The Trump Tax Cuts Failed on Their Own Terms
The Trump tax cuts failed on their own terms: they failed to deliver gains in income, economic activity, and revenue that proponents claimed-and instead were a large windfall for high-income households and large businesses.
In 2017, proponents of the Trump tax cuts said the bill would mainly benefit typical Americans and boost their wages. Instead, the bill gave those in the top 1 percent a tax cut over 50 times larger than that of middle-income households. Its corporate rate cut failed to trickle-down: one rigorous analysis found that corporations used the windfall to buy back stock, pay dividends, and boost executive pay, while the bottom 90 percent of workers saw no wage gains.

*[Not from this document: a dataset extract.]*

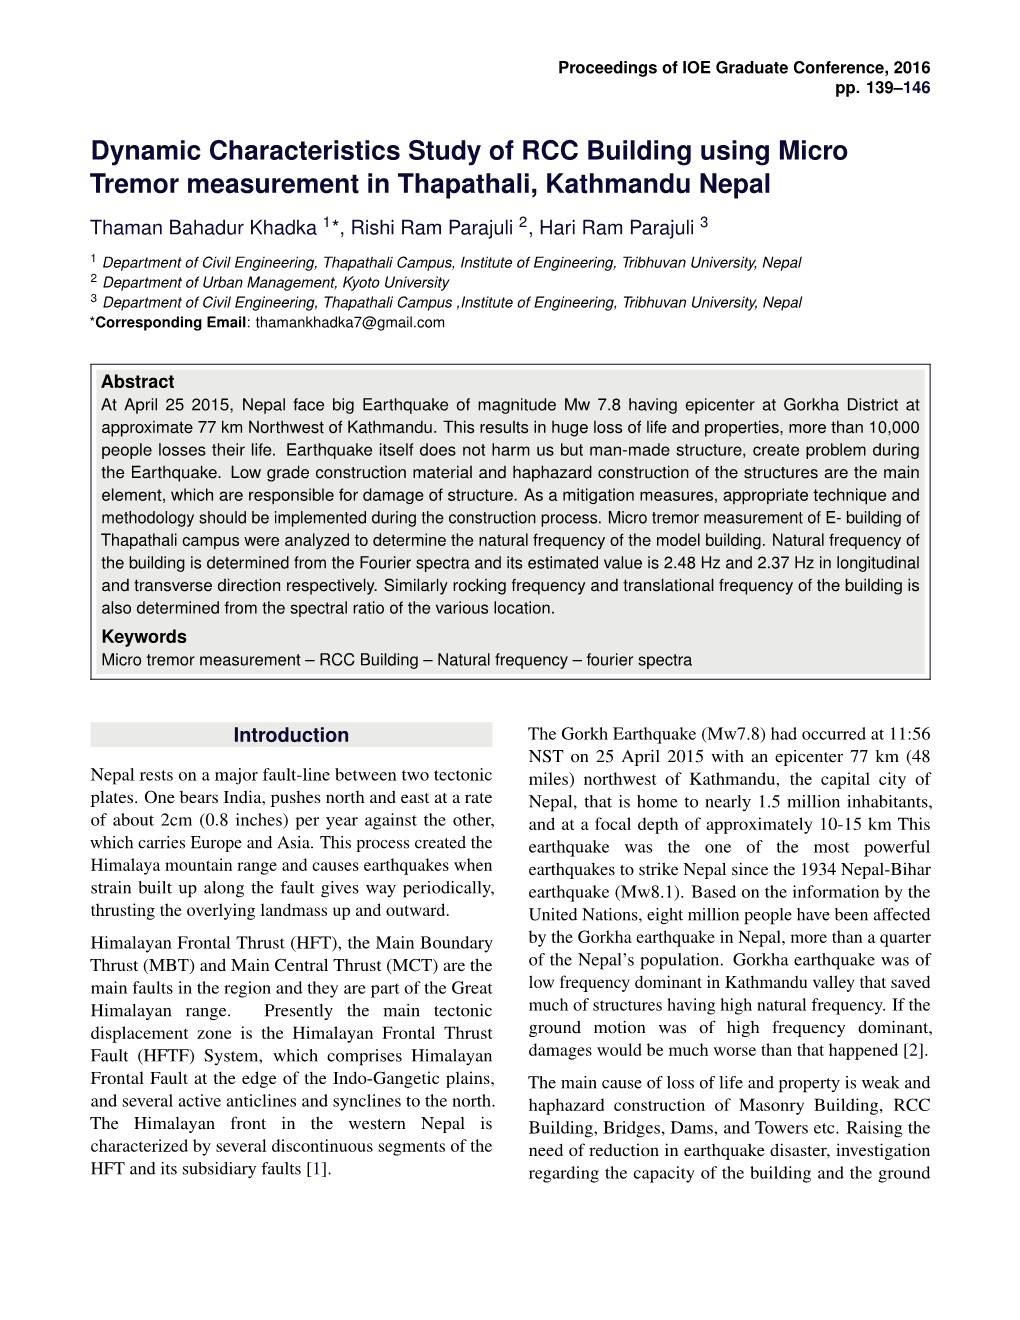 Dynamic Characteristics Study of RCC Building Using Micro Tremor Measurement in Thapathali, Kathmandu Nepal

Similarly, proponents of the Trump tax cuts said they would double or even triple the economic growth rate. But real GDP and fixed investment grew at about the same rate in the two years after the legislation passed as in the two years before.
Finally, the bill's proponents also claimed that it would increase revenues and fully pay for itself. But in 2017, revenues were expected to average 18.3 percent of the economy from 2023 to 2025. With 2023 behind us, the revised estimate for that period is only 17 percent. And every estimate of the bill suggests it increased deficits.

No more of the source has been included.